I figured out how to create a tree like the following for the sentence “I do not love you.” via the BuildBinarizedDataset:
(1 (1 I) (1 (1 (1 (1 do) (1 not)) (1 (1 love) (1 you))) (1 .)))
However, this seems terribly difficult to add labels manually in this format, particularly for phrases within a longer sentence. It would be far easier if I could generate the following for labeling purposes, then convert when I am ready to train the new model.
sentiment_score pline1
sentiment_score phrase1
sentiment_score phrase2
...........................
sentiment_score phraseN
BLANK ROW
sentiment_score pline2
The problem is that I can’t figure out how to generate this from a sentence with the parser. If someone could provide guidance, or direct me to documentation that will explain this process, it would help me tremendously.
Here is some sample code I wrote to go through a tree and print out every subtree. So to get the print out you want just use the printSubTrees method I wrote and have it print out everything in your sentiment tree.

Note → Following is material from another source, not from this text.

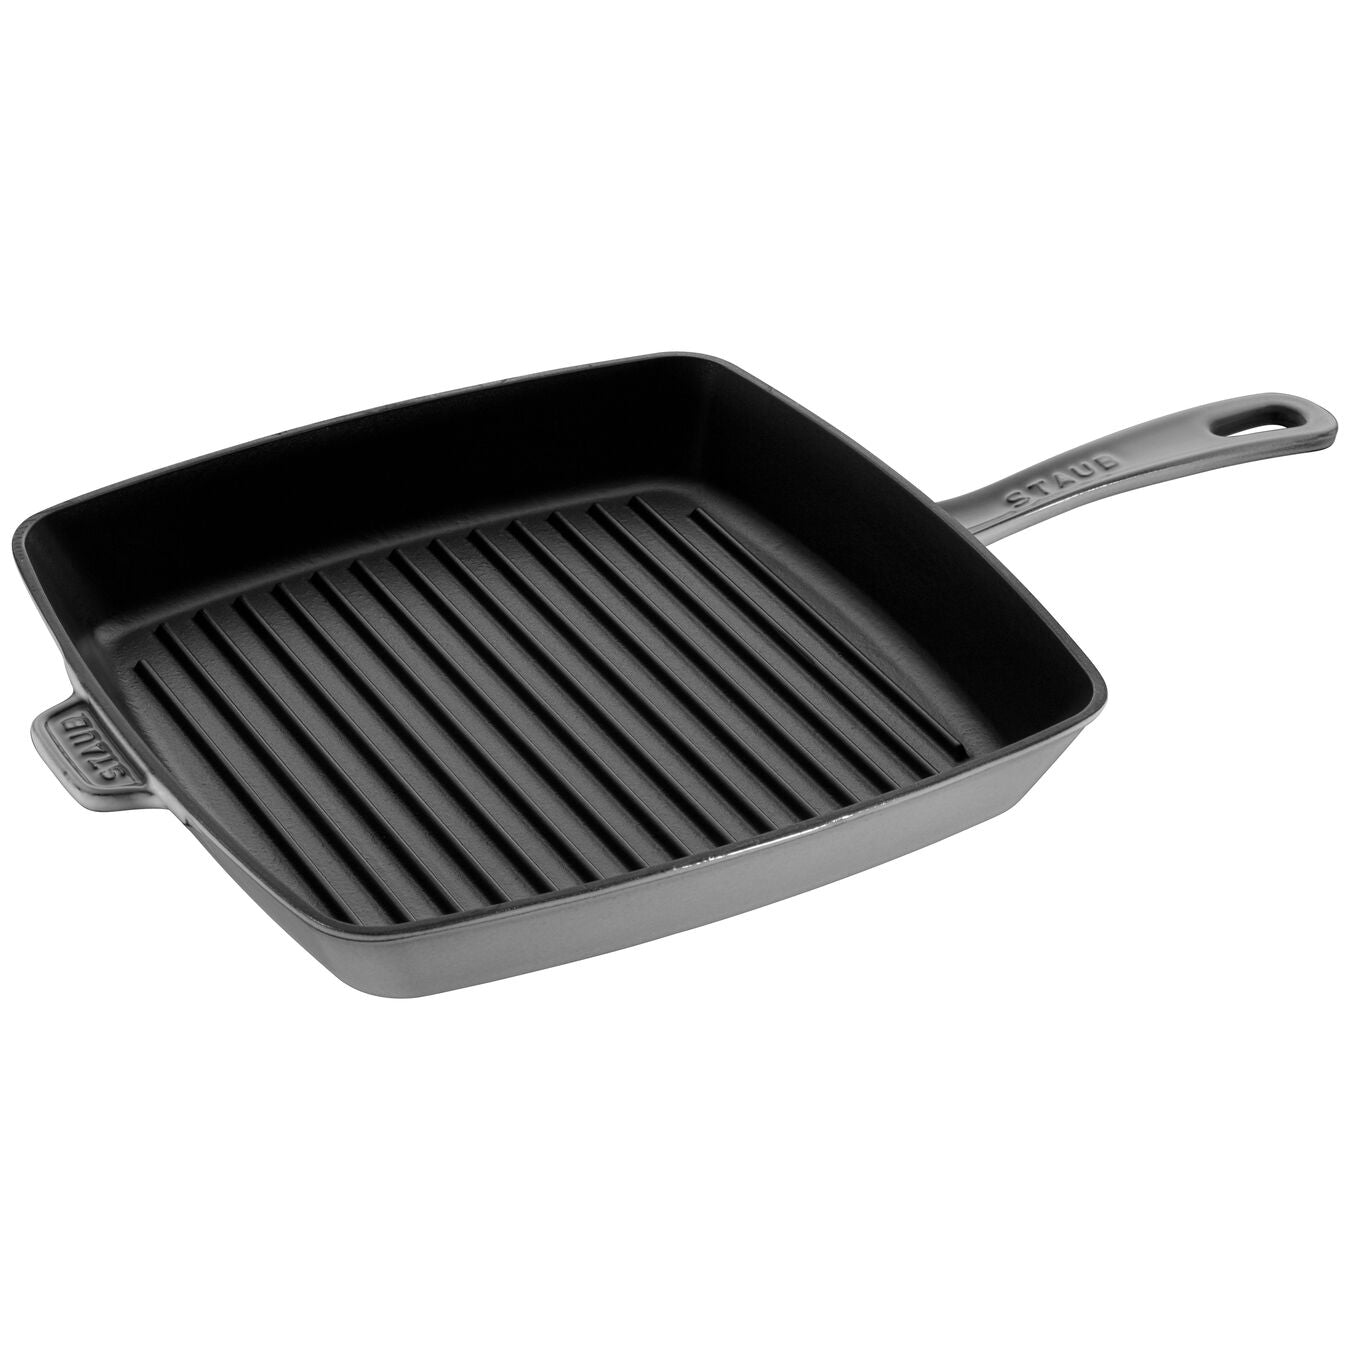 Staub Grill Pans Square grill pan with one handle

import edu.stanford.nlp.ling.CoreAnnotations;
import edu.stanford.nlp.ling.Word;
import edu.stanford.nlp.parser.lexparser.LexicalizedParser;
import edu.stanford.nlp.parser.lexparser.TreeBinarizer;
import edu.stanford.nlp.pipeline.Annotation;
import edu.stanford.nlp.pipeline.StanfordCoreNLP;
import edu.stanford.nlp.trees.*;
import java.io.IOException;
import java.util.ArrayList;
import java.util.Properties;
public class SubTreesExample {
public static void printSubTrees(Tree inputTree) {
ArrayList<Word> words = new ArrayList<Word>();
for (Tree leaf : inputTree.getLeaves()) {
words.addAll(leaf.yieldWords());
}
System.out.print(inputTree.label()+"\t");
for (Word w : words) {
System.out.print(w.word()+ " ");
}
System.out.println();
for (Tree subTree : inputTree.children()) {
printSubTrees(subTree);
}
}
public static void main(String[] args) {
Properties props = new Properties();
props.setProperty("annotators", "tokenize,ssplit,pos,lemma,ner,parse");
StanfordCoreNLP pipeline = new StanfordCoreNLP(props);
String text = "I do not love you.";
Annotation annotation = new Annotation(text);
pipeline.annotate(annotation);
Tree sentenceTree = annotation.get(CoreAnnotations.SentencesAnnotation.class).get(0).get(
TreeCoreAnnotations.TreeAnnotation.class);
printSubTrees(sentenceTree);
}
}